Task directions: Leaving all pictures out, output exactly and only the line containing "The Boeing 737 Designed Bedding Sets" and the lines that follow it to the end of the material below.

[Collected data Boundary: Start]

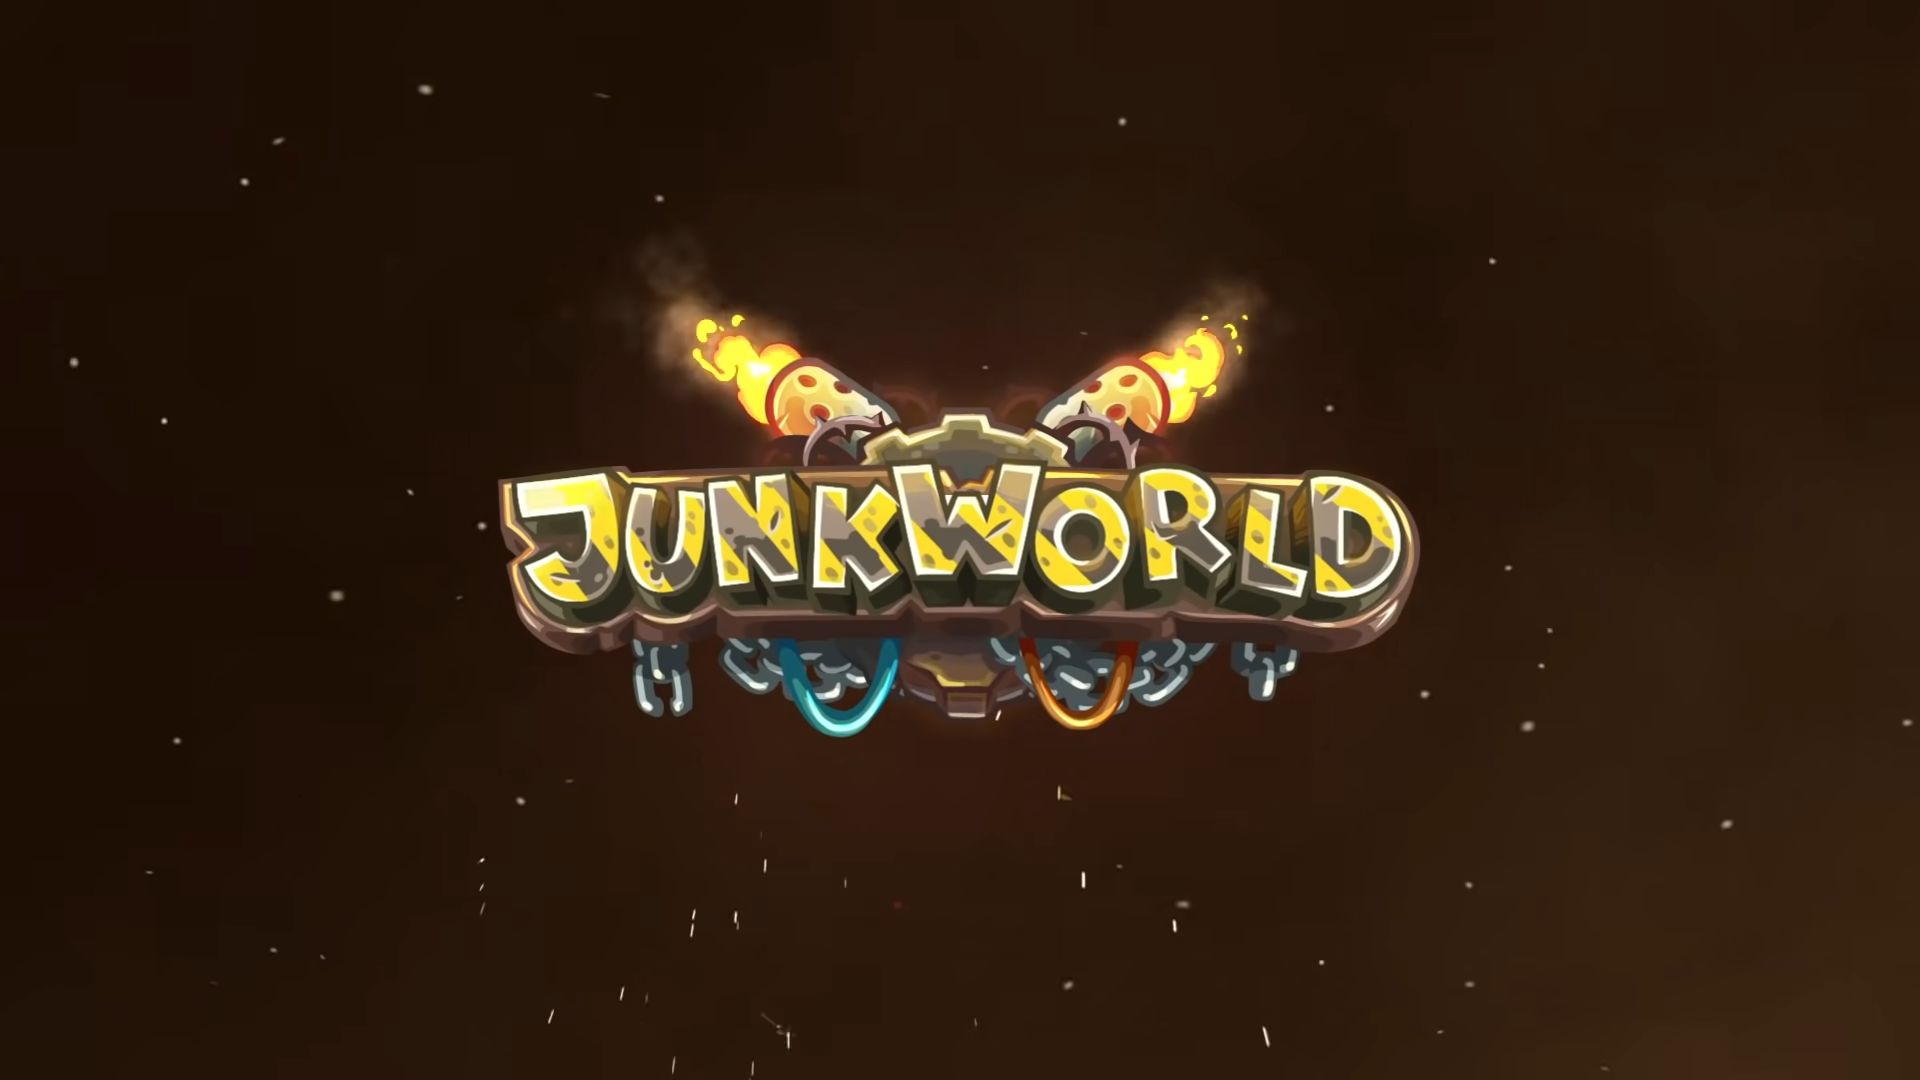 Junkworld TD download the last version for apple
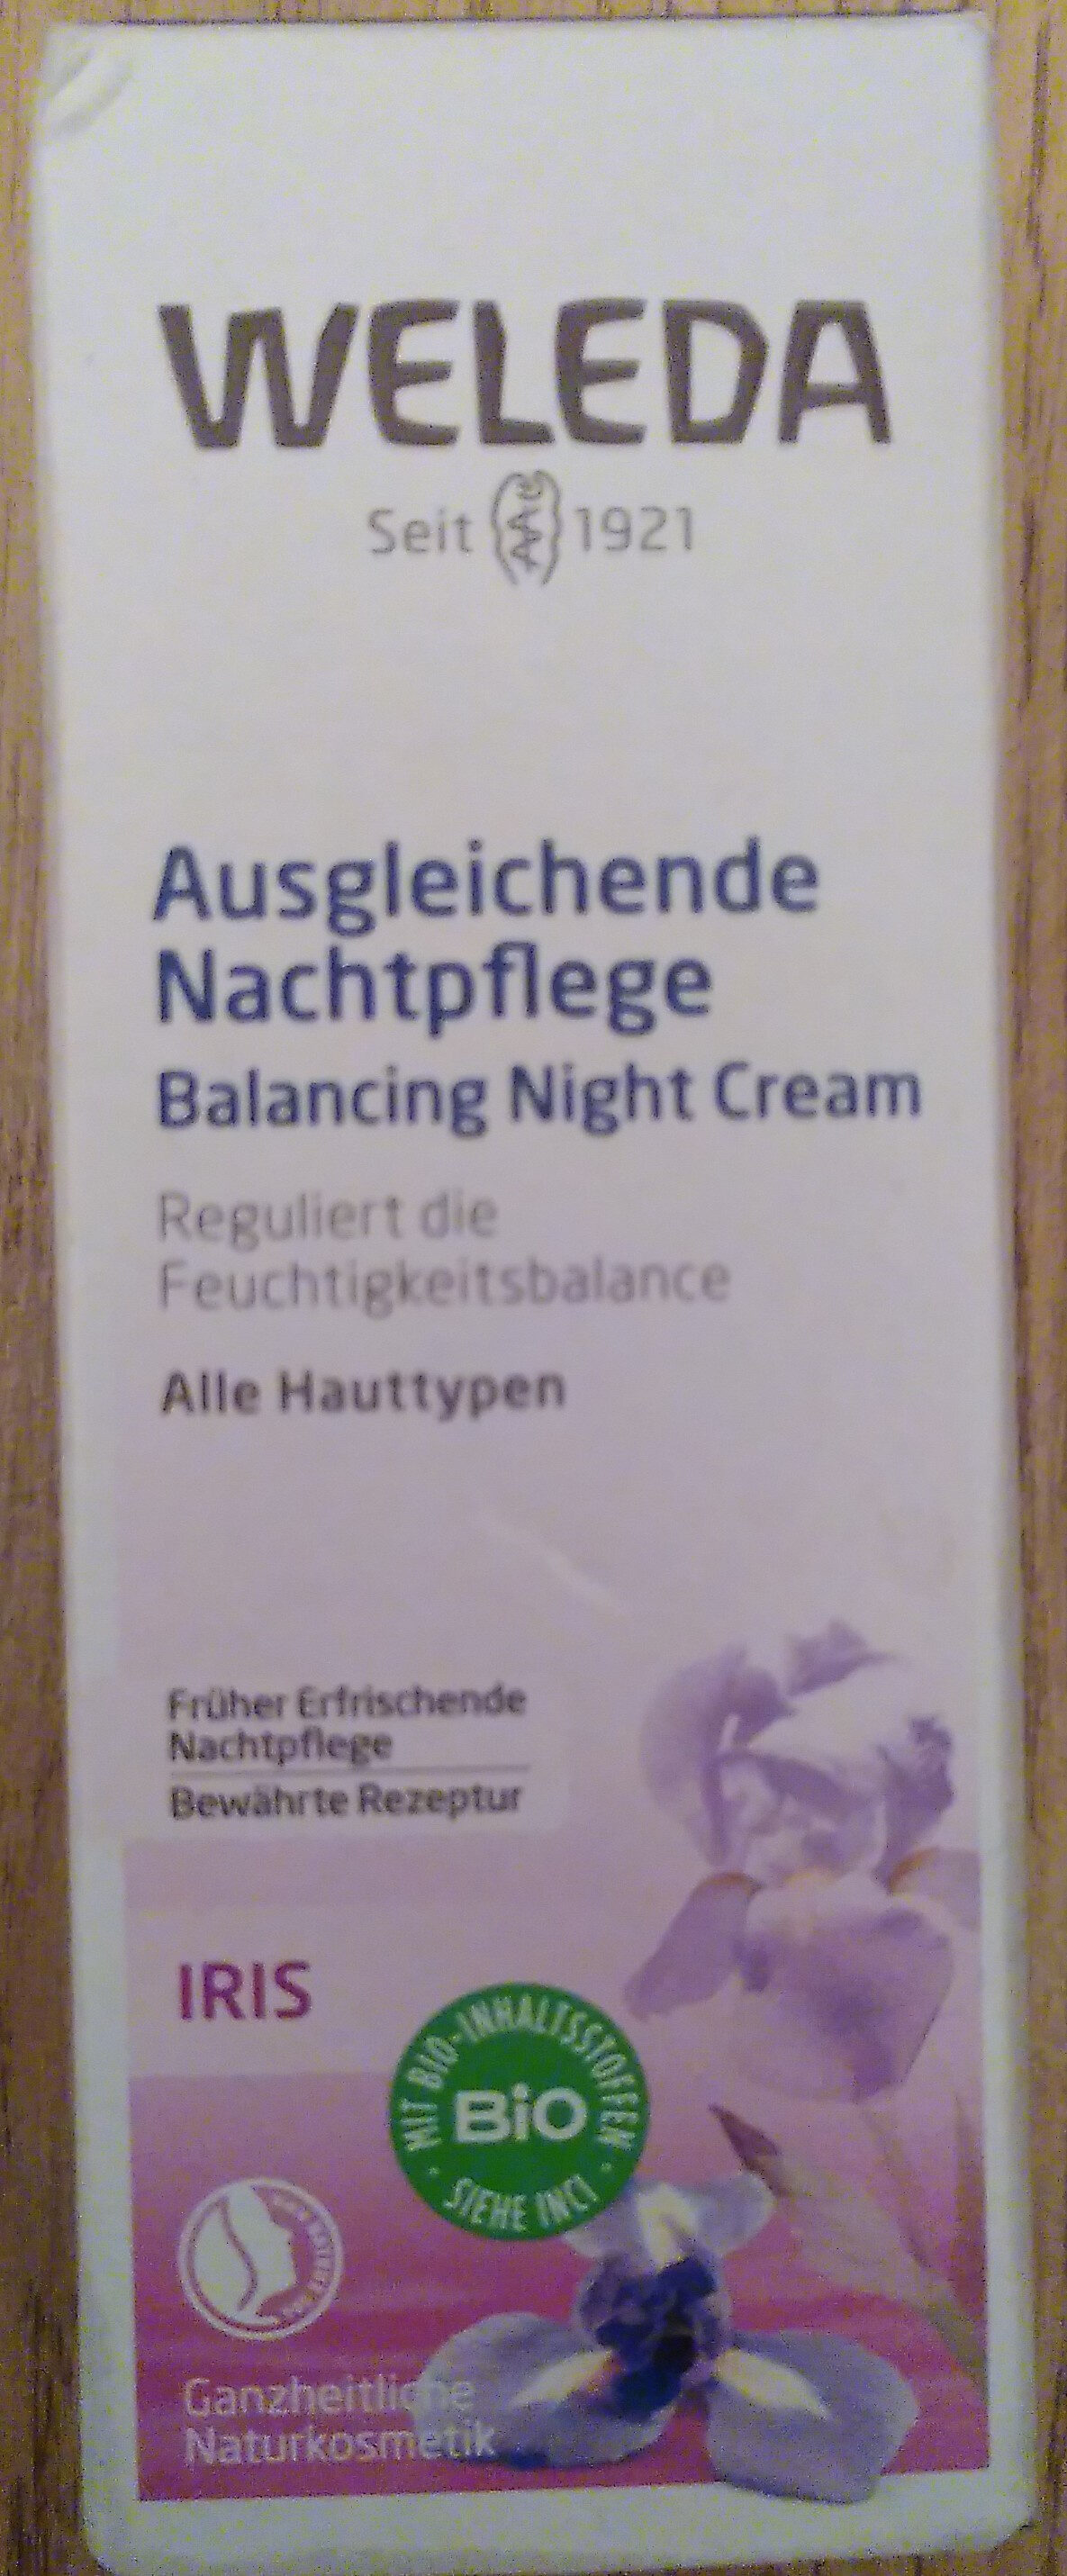 Ausgleichende Nachtpflege - Produit - de
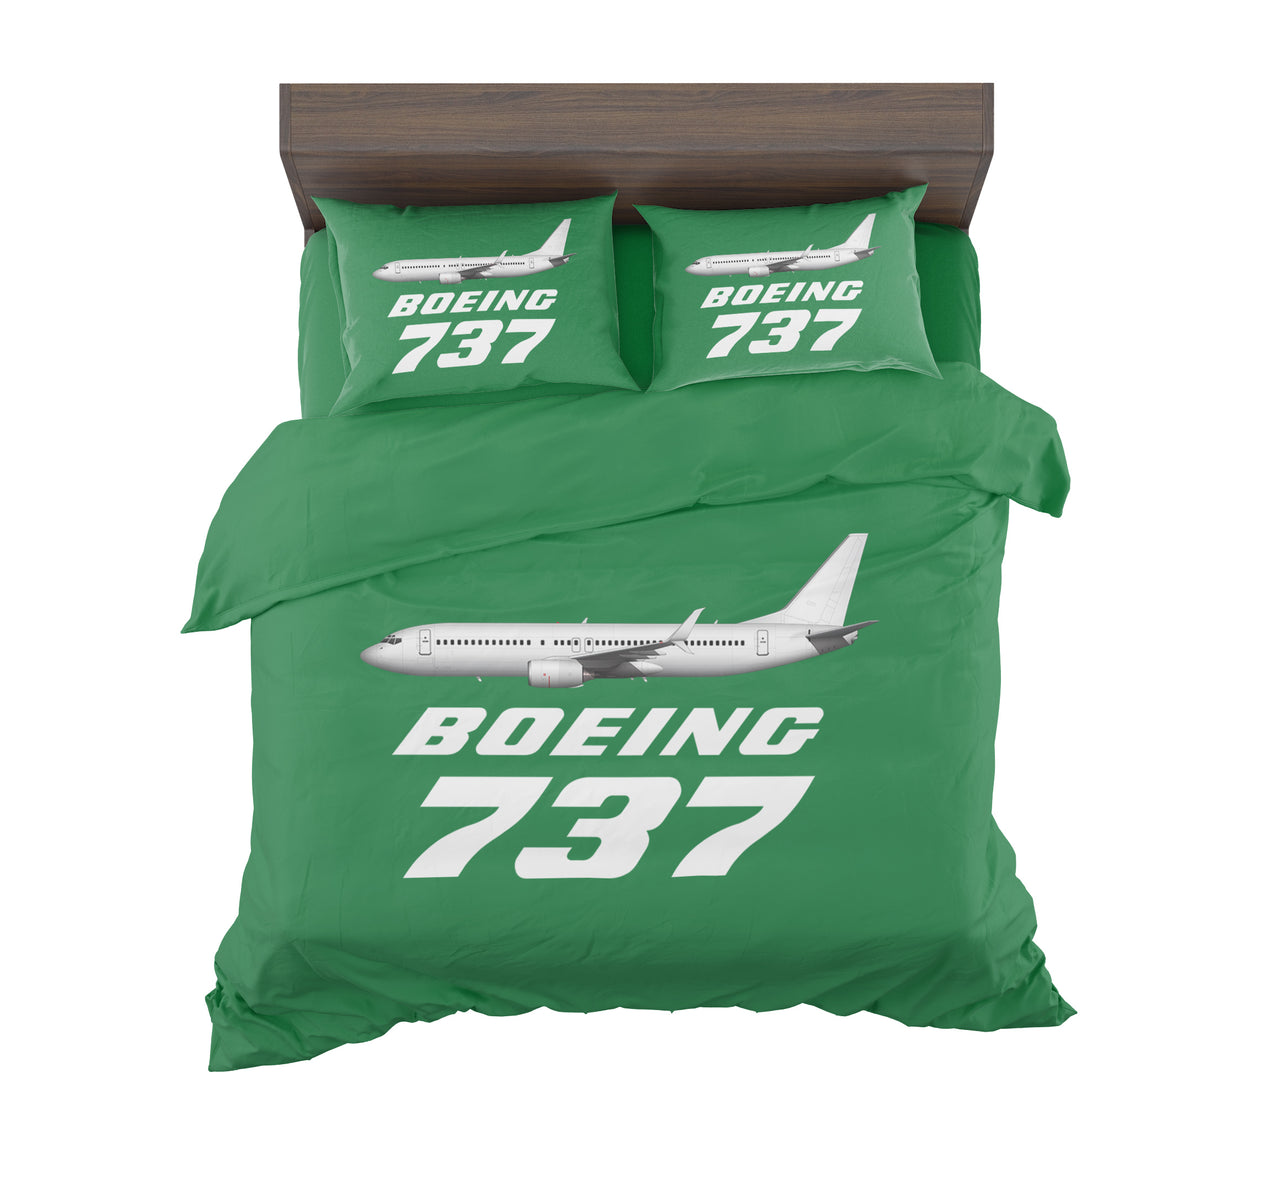 The Boeing 737 Designed Bedding Sets
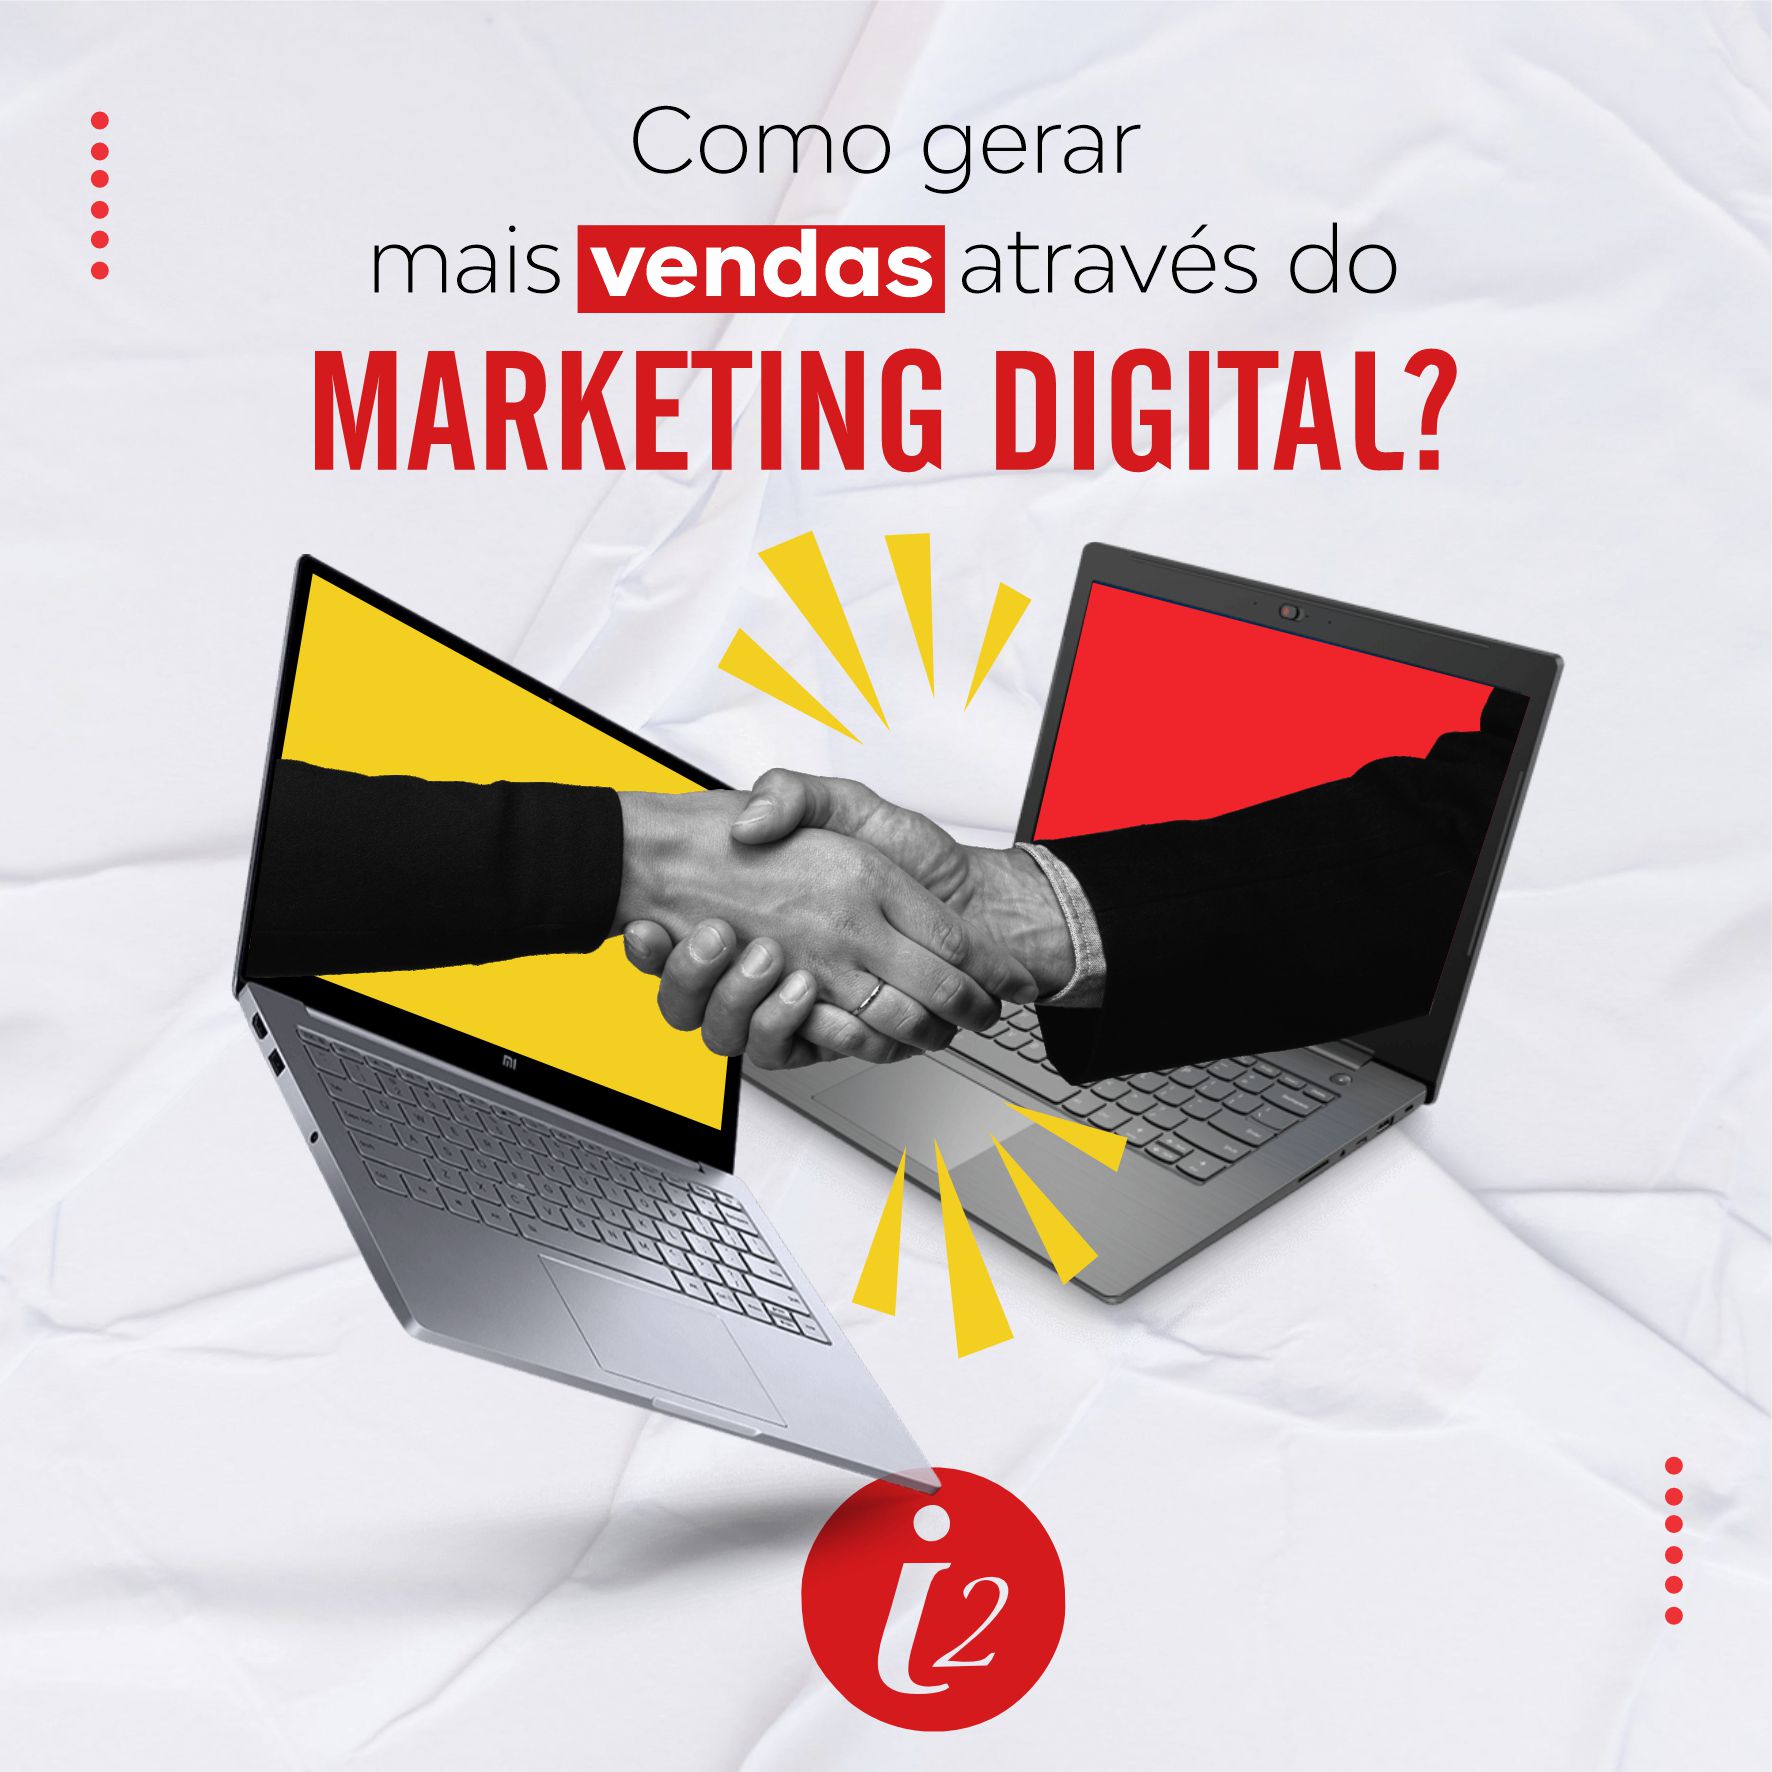 como gerar mais vendas através do marketing digital?

[Collected data Boundary: End]

Exercise result:
 The Boeing 737 Designed Bedding Sets
 como gerar mais vendas através do marketing digital?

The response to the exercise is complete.